Output the listing word for word, minus pictures.
BEGIN Stored data
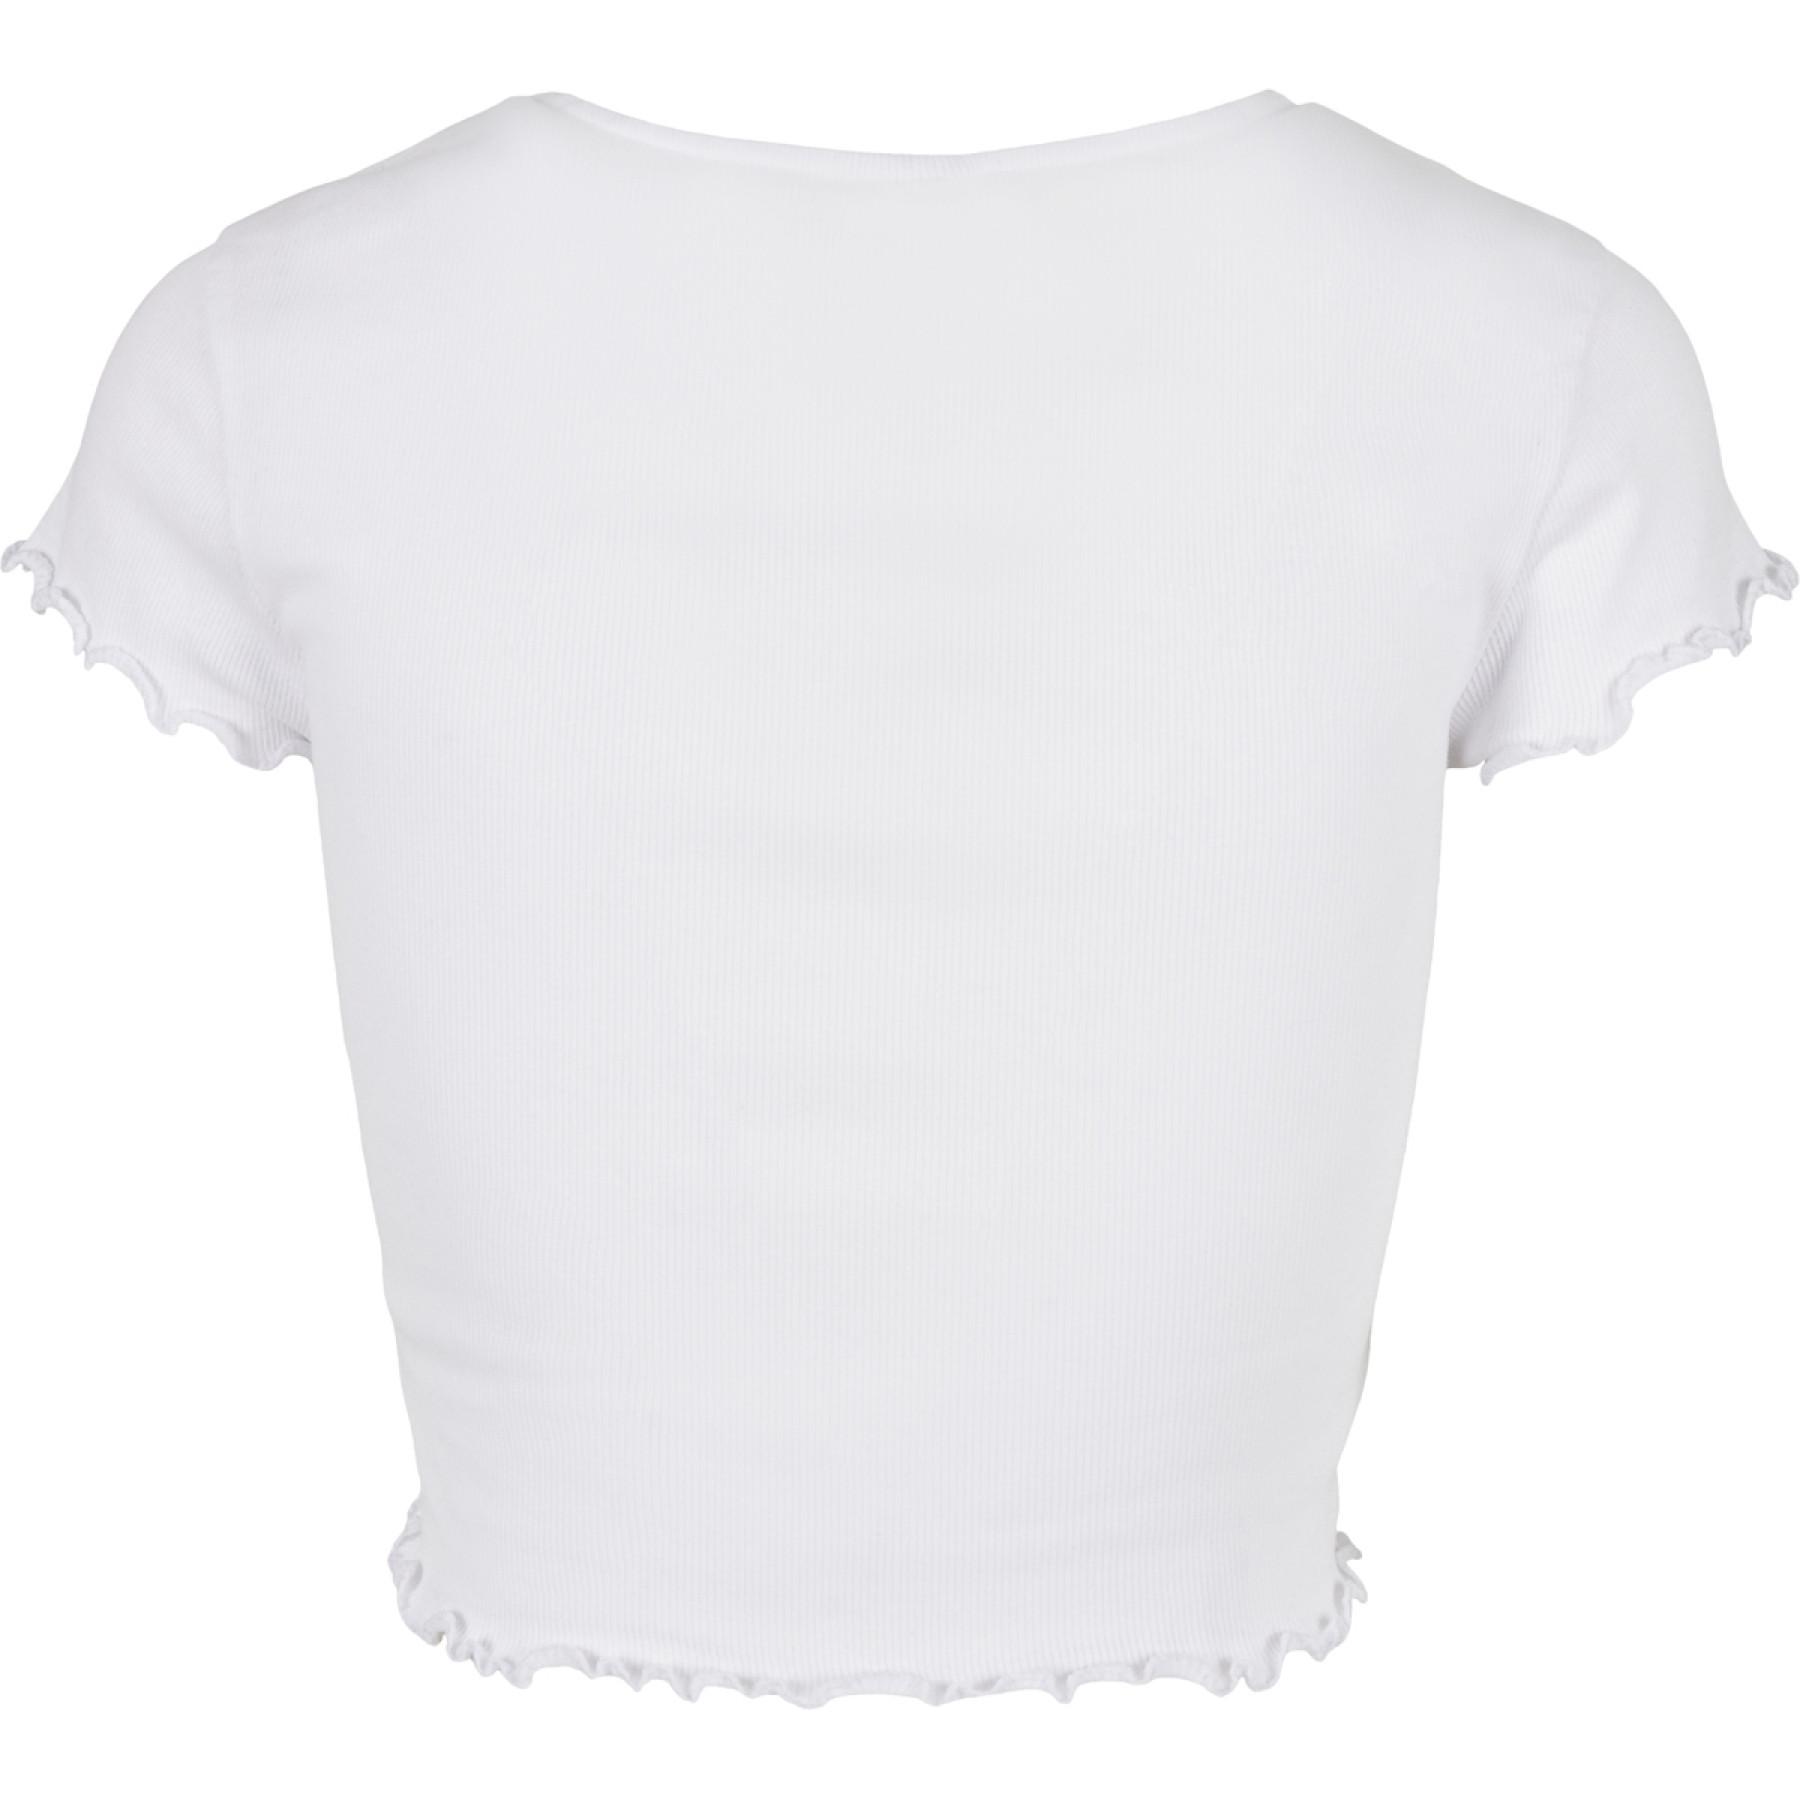 T-shirt femme Urban Classics cropped button up rib-grandes tailles
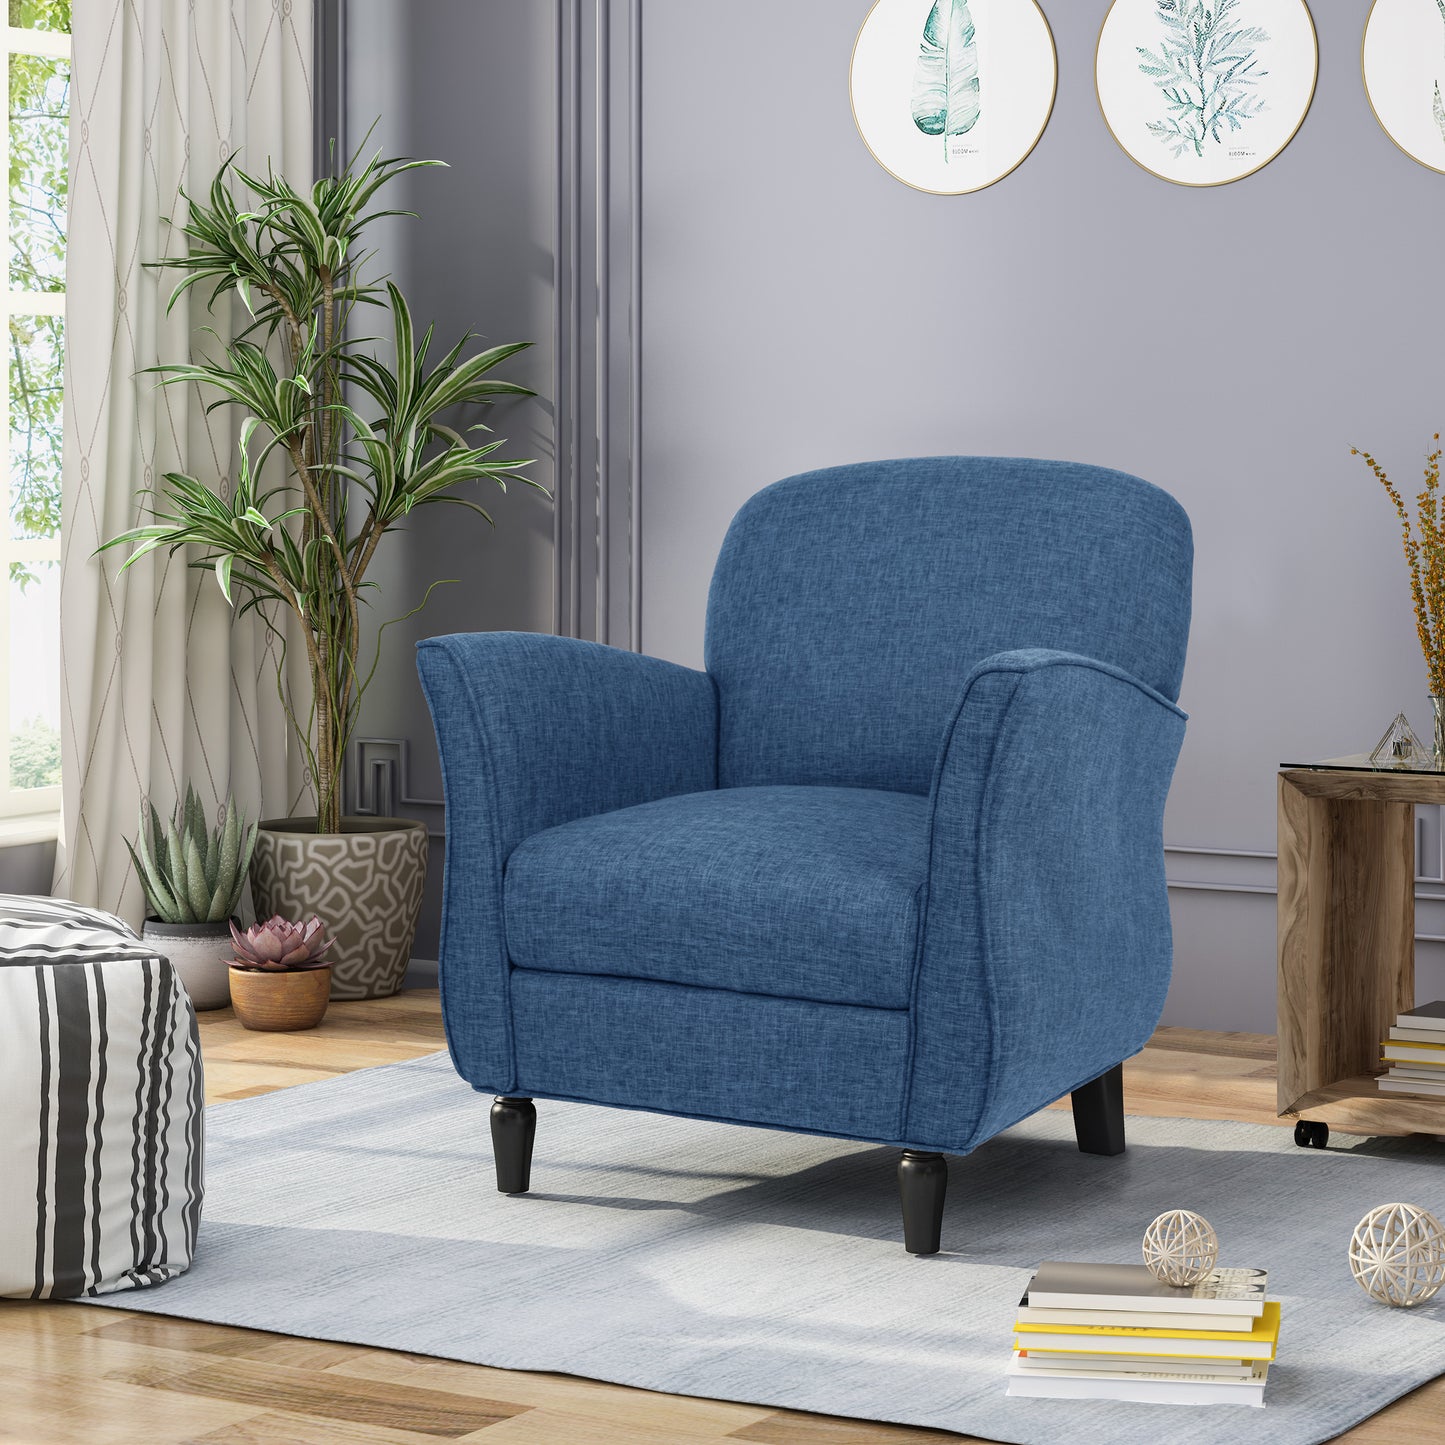 Crew Contemporary Upholstered Tweed Fabric Armchair with Piped Edges
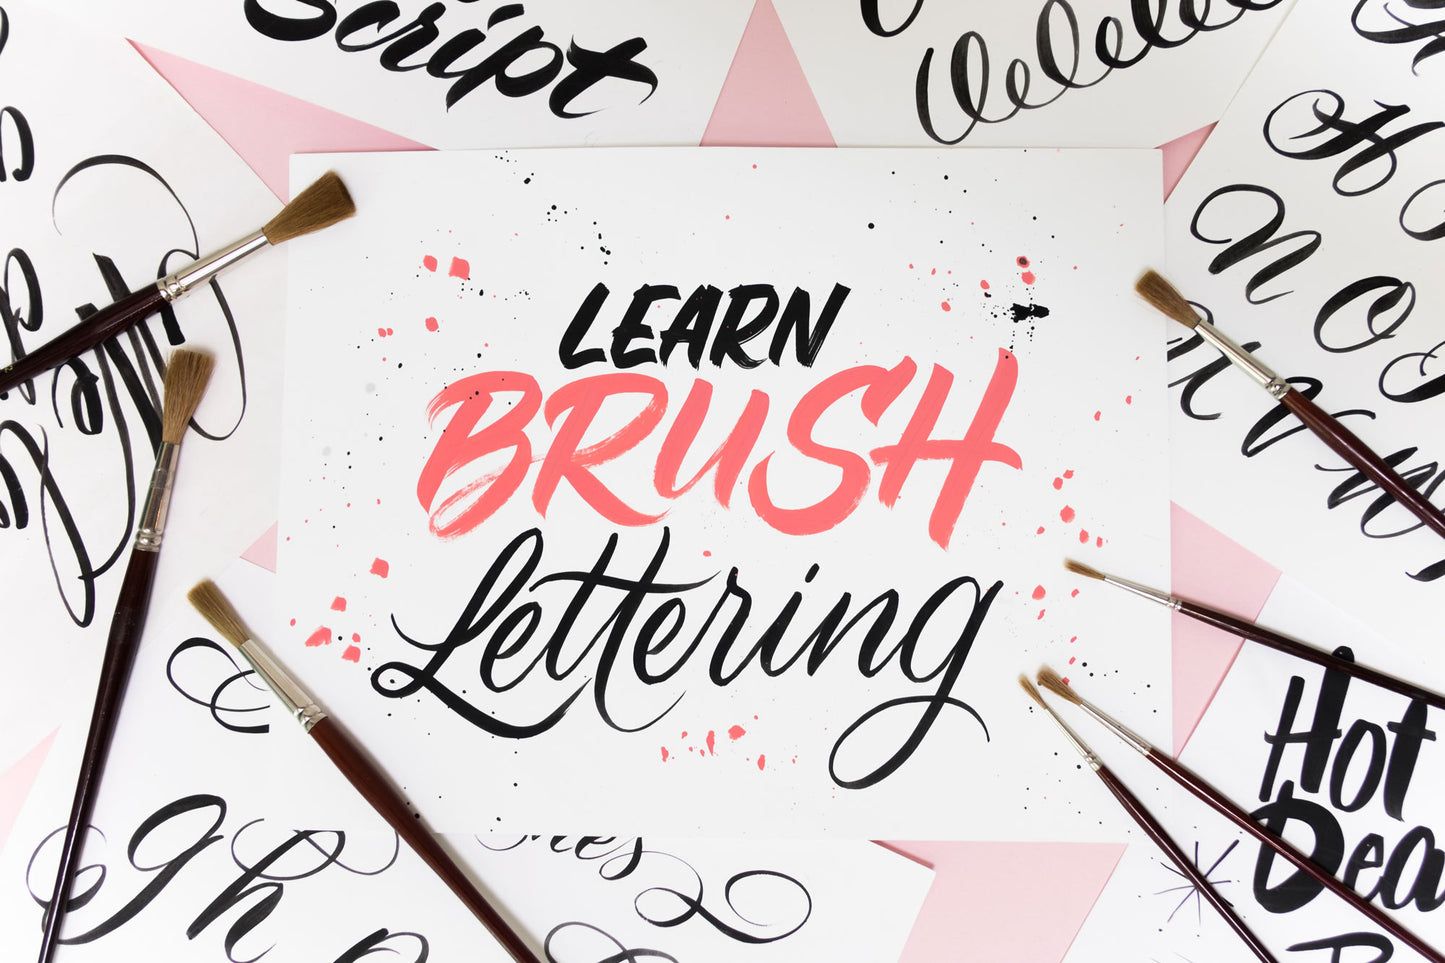 Brushes and sheets of paper with brush lettering on them.
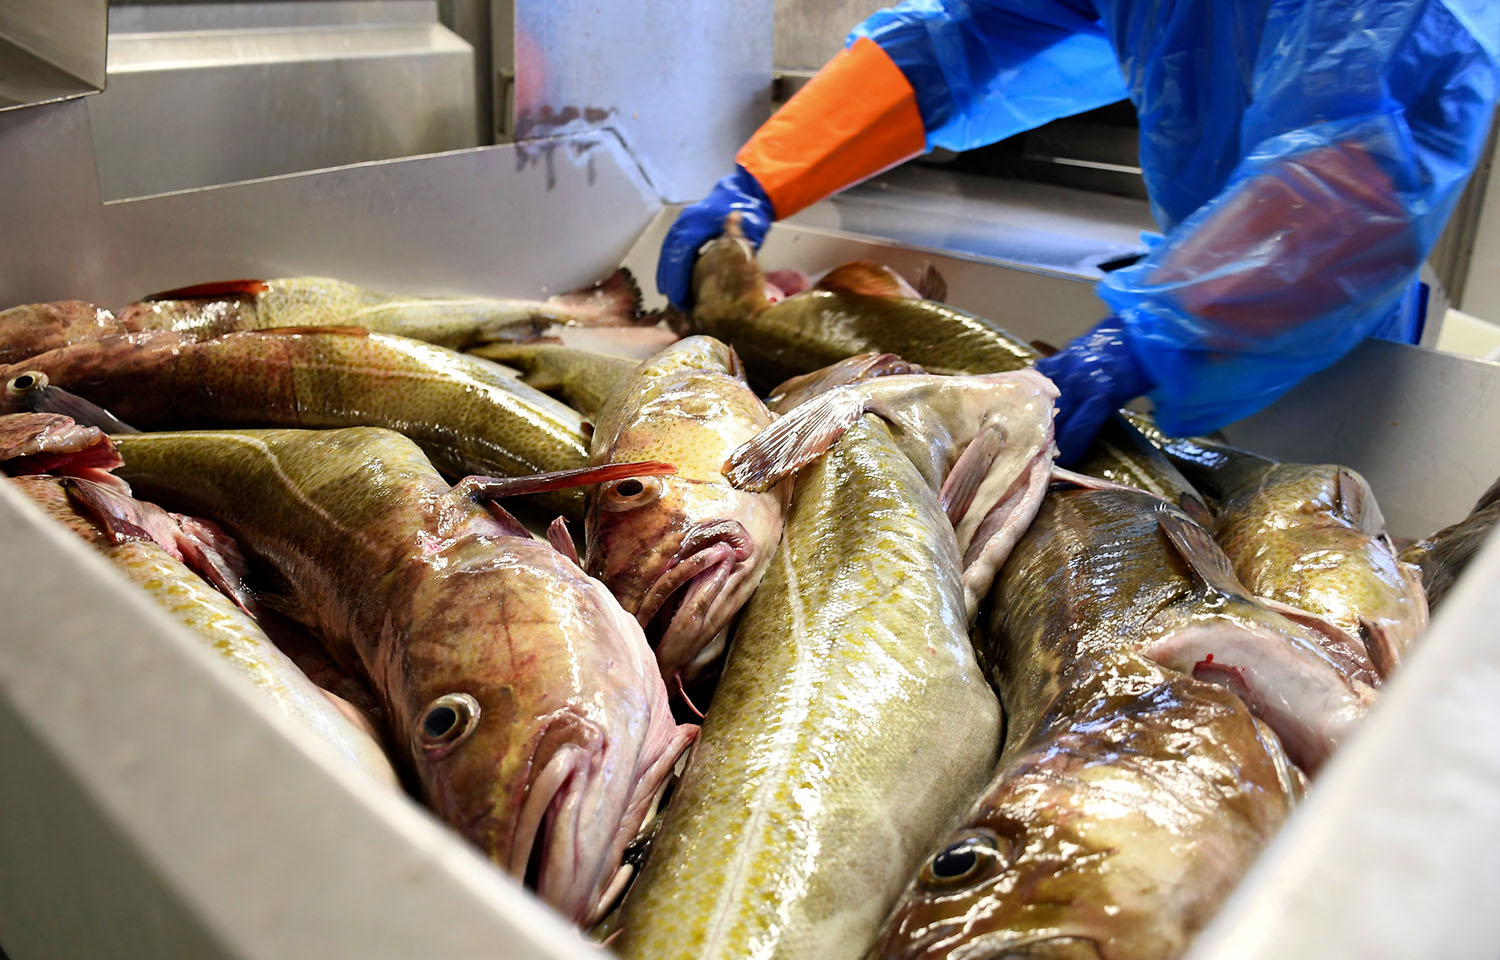 Norwegian Fisheries Council predicts dark clouds on the horizon for country’s seafood exports
END Stored data
-- Solution to the problem --
 T-shirt femme Urban Classics cropped button up rib-grandes tailles
 Crew Contemporary Upholstered Tweed Fabric Armchair with Piped Edges
 Brushes and sheets of paper with brush lettering on them.
 Norwegian Fisheries Council predicts dark clouds on the horizon for country’s seafood exports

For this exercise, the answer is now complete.